DATA BELOW:

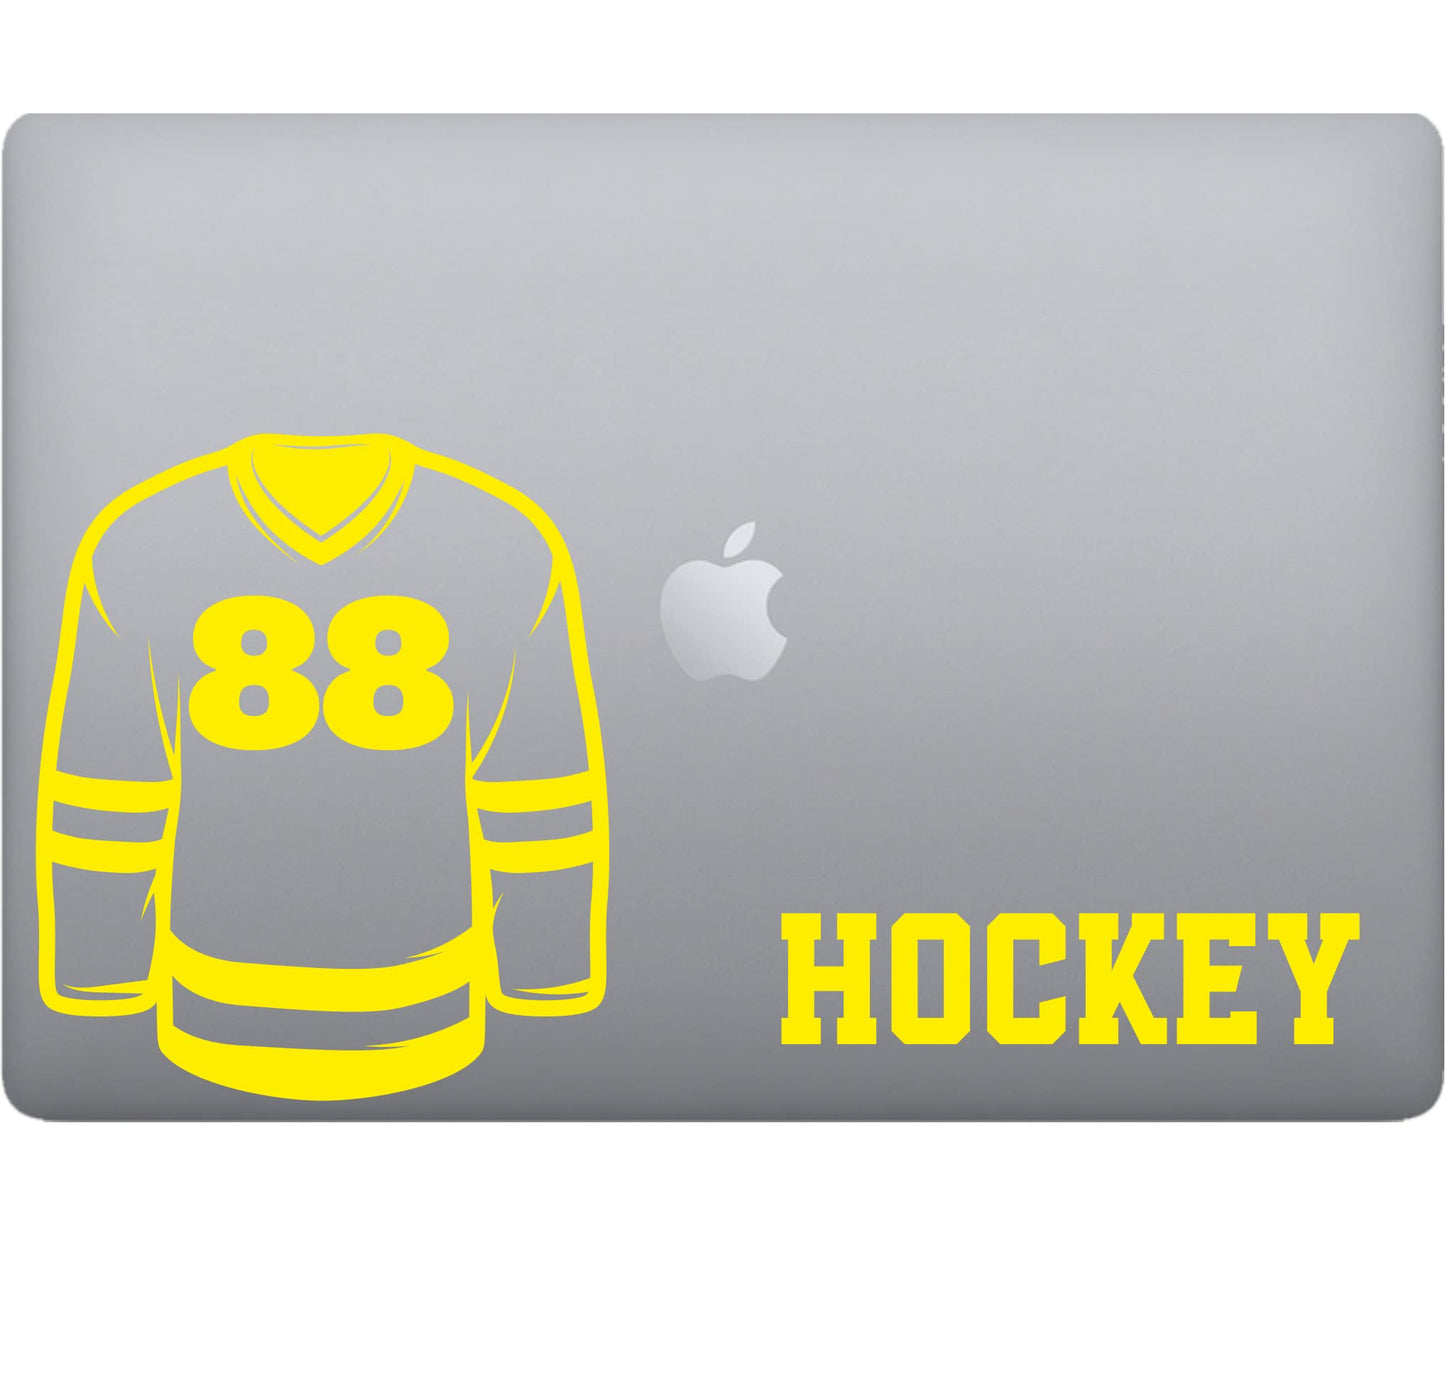 Adesivo HOCKEY sport stickers per pc vinile tablet computer decalcomania arte mela -Vinile colore a scelta COD.P0067 a €9.99 solo da DualColorStampe
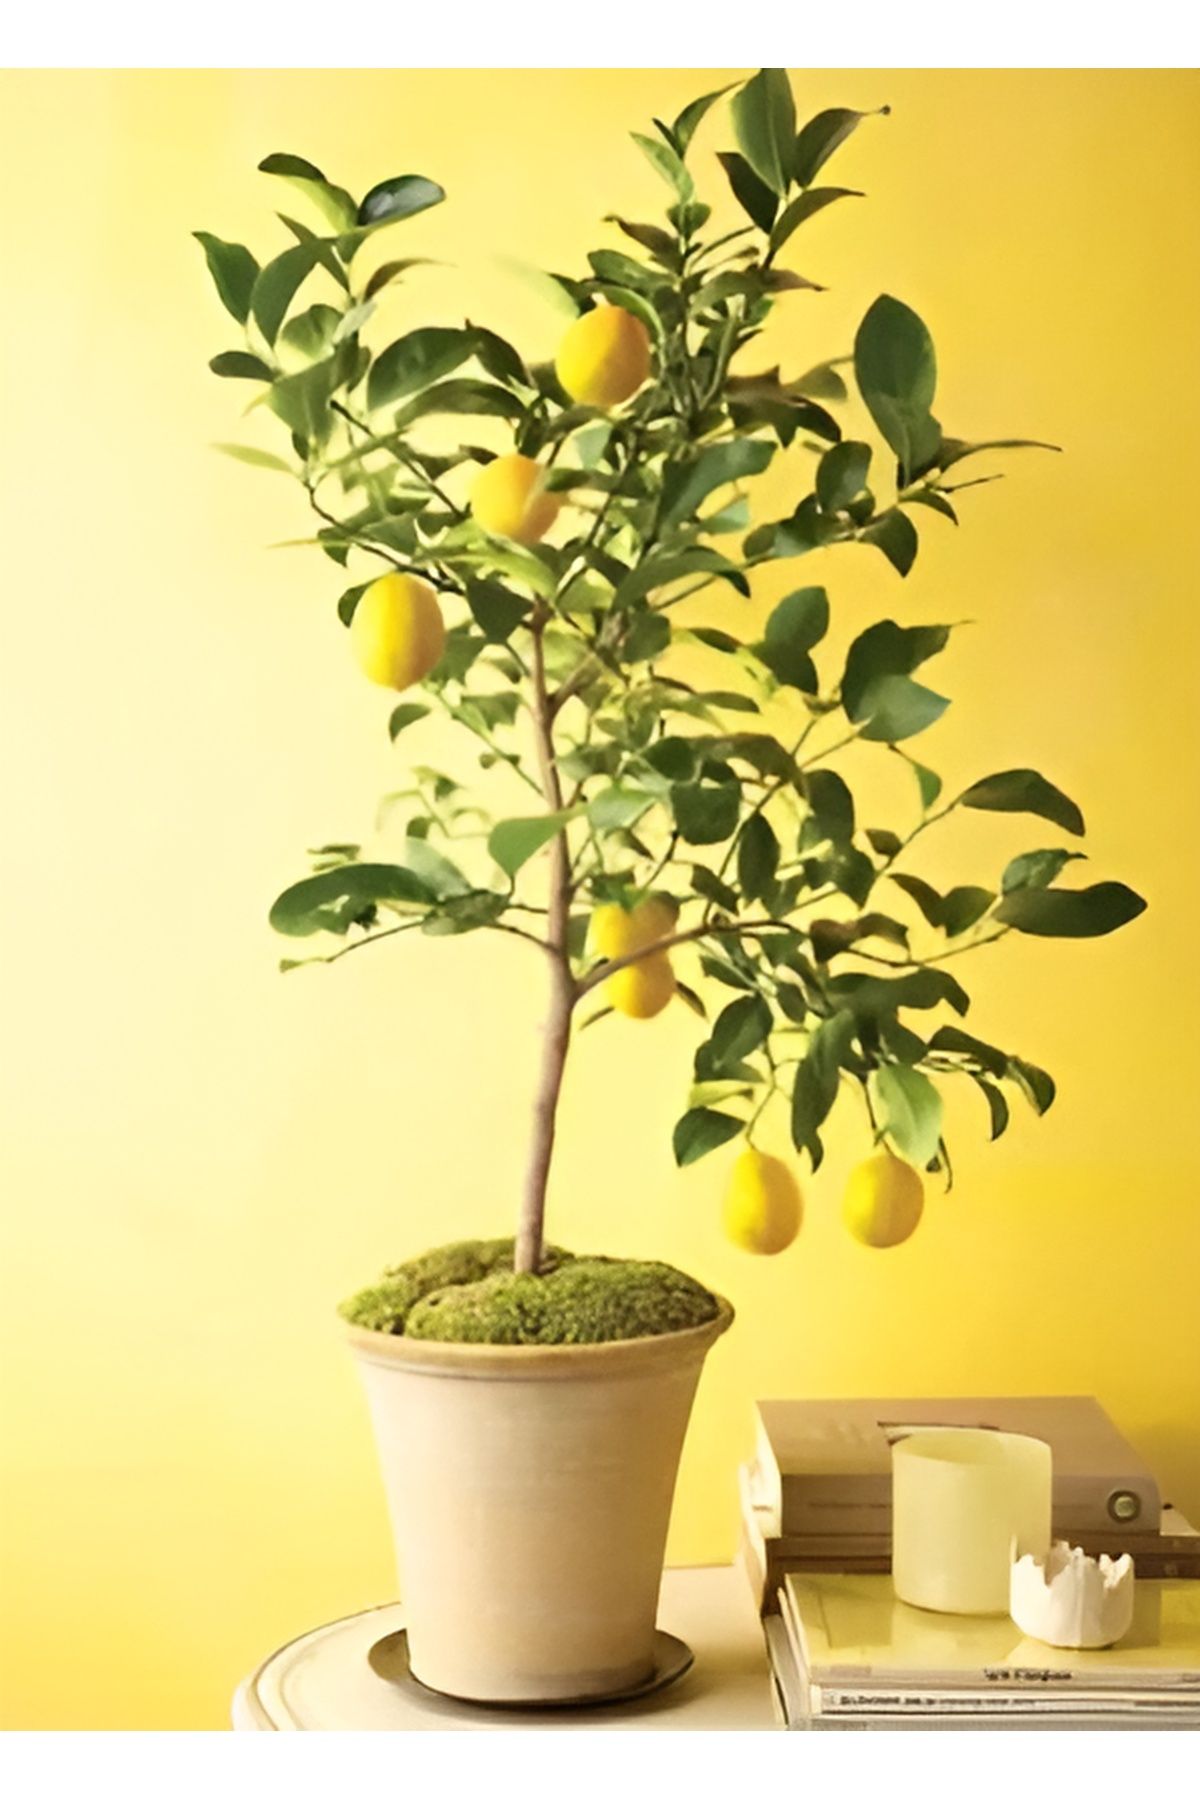 EVİM BAHÇEM Limon Fidanı Aşılı Yediveren Mayer Bodur Limon Fidanı (MEYVELİ) 2-3 yaş Limon Ağacı Fidanı
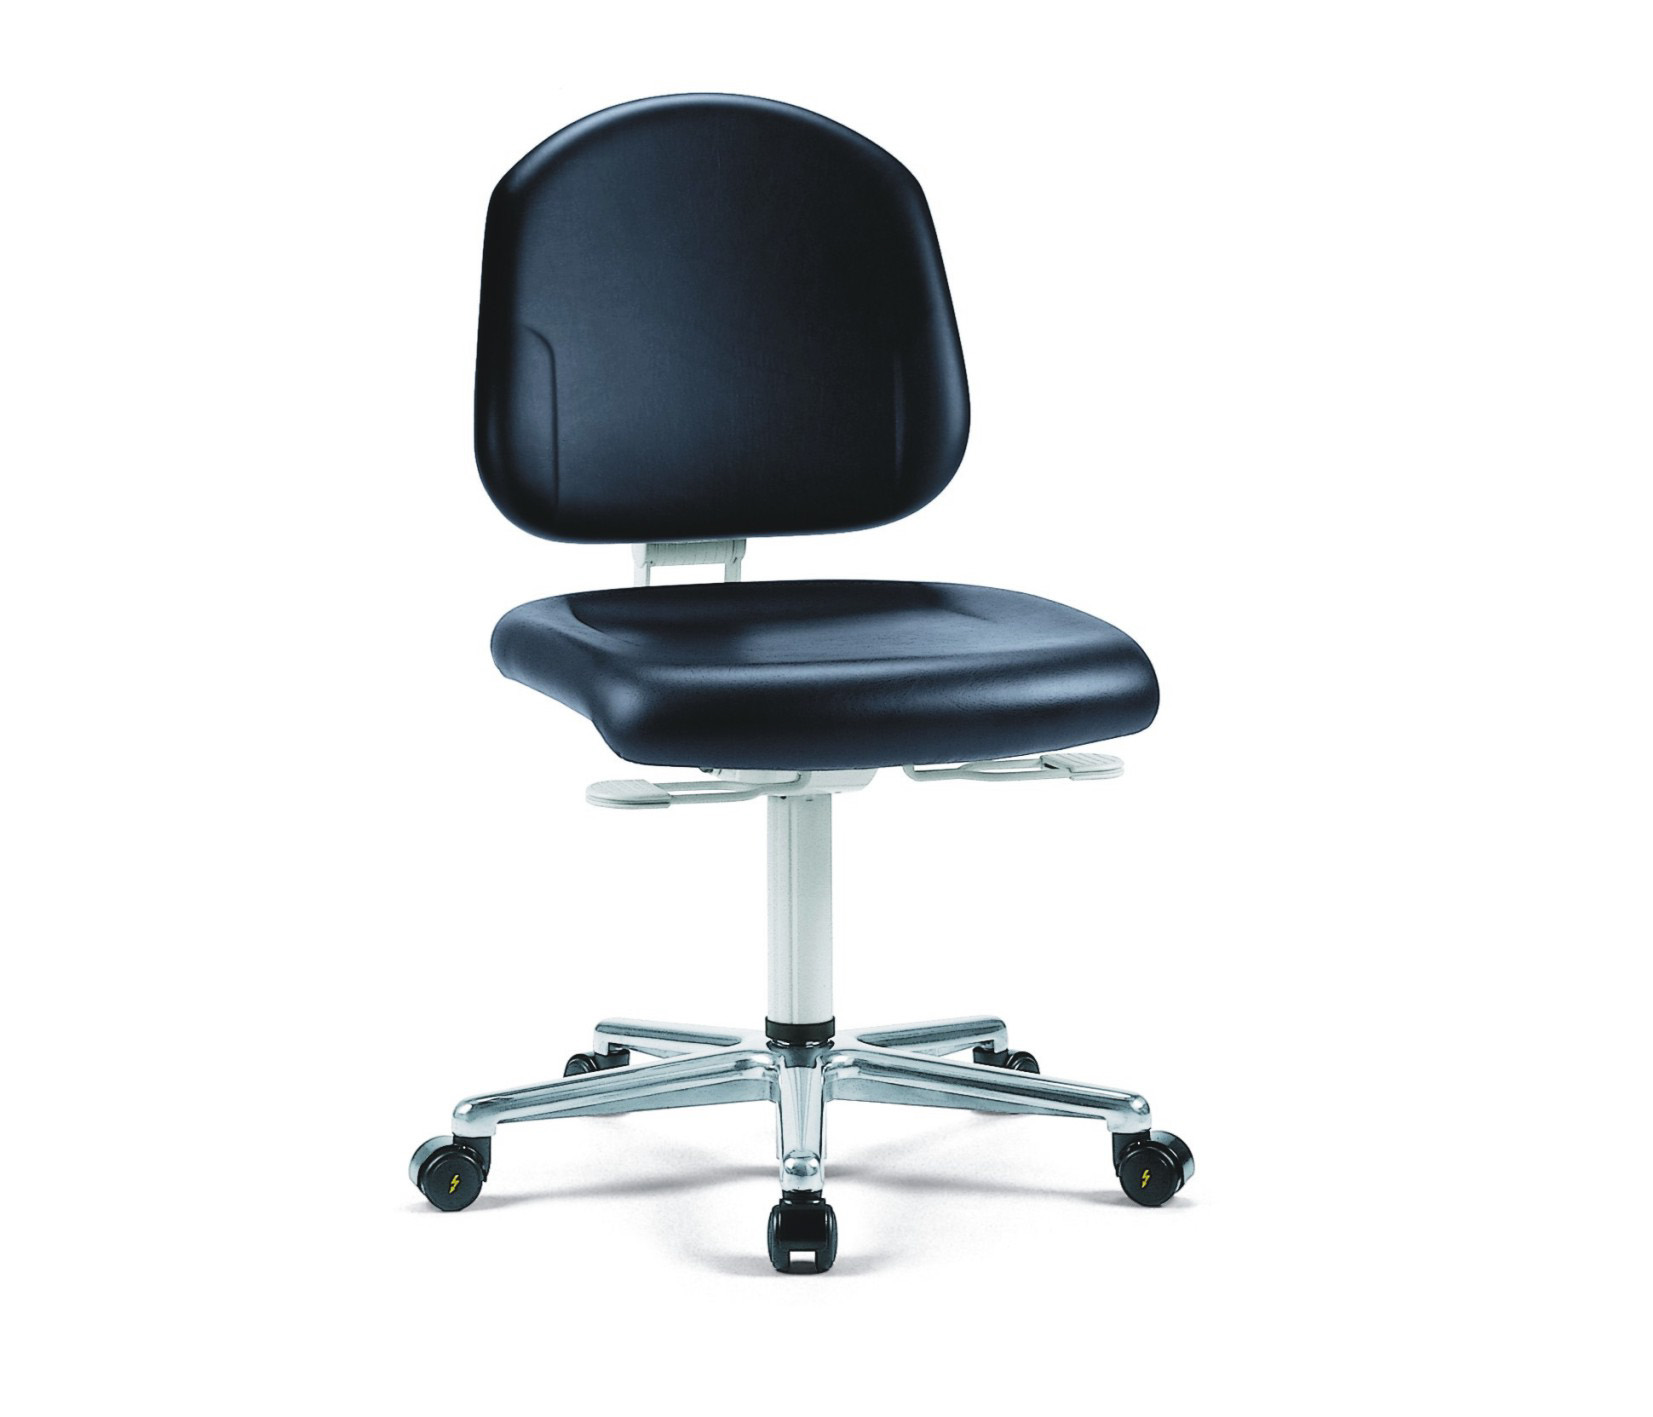 Chaise de salle blanche Plus avec roulettes, dossier bas, classe de salle blanche ISO 3

WORK TO COMPLETE: Repeat the material verbatim. Do not carry over any picture.

RESPONSE:
 Adesivo HOCKEY sport stickers per pc vinile tablet computer decalcomania arte mela -Vinile colore a scelta COD.P0067 a €9.99 solo da DualColorStampe
 EVİM BAHÇEM Limon Fidanı Aşılı Yediveren Mayer Bodur Limon Fidanı (MEYVELİ) 2-3 yaş Limon Ağacı Fidanı
 Chaise de salle blanche Plus avec roulettes, dossier bas, classe de salle blanche ISO 3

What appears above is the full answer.